Вторая регулятивная идея чисто спекулятивного разума есть понятие мира вообще. Действительно, природа, собственно, есть единственный данный объект, в отношении которого разум нуждается в регулятивных принципах. Эта природа двойственна: она есть или мыслящая, или телесная природа. Чтобы мыслить одну лишь телесную природу по ее внутренней возможности, т. е. определять применение к ней категорий, мы не нуждаемся в идее, т. е. в представлении, выходящем за пределы опыта; к тому же в отношении телесной природы и невозможна никакая идея, так как мы руководствуемся в ней только чувственным созерцанием, а не так, как в психологическом основании понятия (Я), которое а priori содержит определенную форму мышления, а именно единство мышления5.
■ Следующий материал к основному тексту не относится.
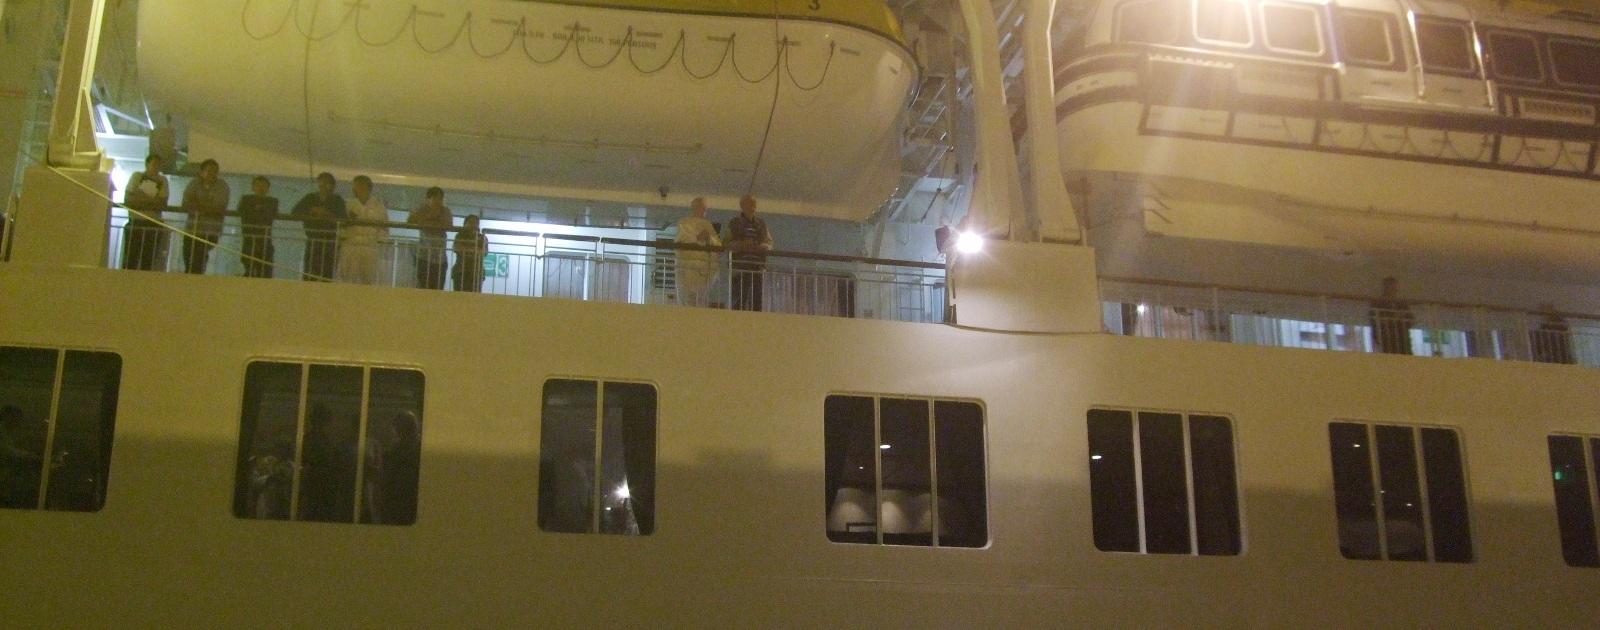 1099) 小樽港 「滞在型豪華クルーズ船 The World」_f0126829_1153176.jpg

Иными словами, в той мере, в какой понятие природы относится к живой телесности, мы не нуждаемся для ее схватывания ни в какой идее. Тело дано нам в непосредственном опыте. Но когда мы переходим от тела к неодушевленной природе, необъятной в своей экстенсивности, мы переносим представление, эмпирически работающее в области телесного, на совершенно иной «объект», и тут мы нуждаемся в идее:
…для чистого разума нам остается только природа вообще и полнота условий в ней согласно некоторому принципу. Абсолютная полнота рядов этих условий при выведении их членов есть идея, которая в эмпирическом применении разума никогда, правда, не может быть полностью осуществлена, однако все же служит правилом, руководствуясь которым мы должны поступать по отношению к таким рядам, а именно при объяснении данных явлений (в нисхождении или восхождении), так, как если бы ряд сам по себе был бесконечным, т. е. in indefinitum; там же, где сам разум рассматривается как определяющая причина (в свободе), следовательно, где речь идет о практических принципах, мы должны поступать так, как если бы перед нами находился не объект чувств, а объект чистого рассудка, где условия могут полагаться не в ряду явлений, а вне его, и ряд состояний может рассматриваться так, как если бы он начинался прямо (посредством интеллигибельной причины)6.
Единство природы или мира не дано нам эмпирически, как «объект» созерцания. Оно выводится из некой «полноты рядов», из способности этих пронизывающих ее рядов длиться до бесконечности, создавать полноту континуума. А сами эти чисто умозрительные ряды укоренены не в том, что дает нам зрение или опыт, а в деятельность рассудка: «как если бы перед нами находился не объект чувств, а объект чистого рассудка…» Поскольку эти умозрительные ряды порождены рассудком, то все они восходят к некой «интеллигибельной общей причине», которую Кант отождествляет с Богом. Мир – это рассудочный конструкт, форма которого не эмпирическая, но умозрительная. Некоторые пути конструирования этой формы рассмотрены во второй части книги.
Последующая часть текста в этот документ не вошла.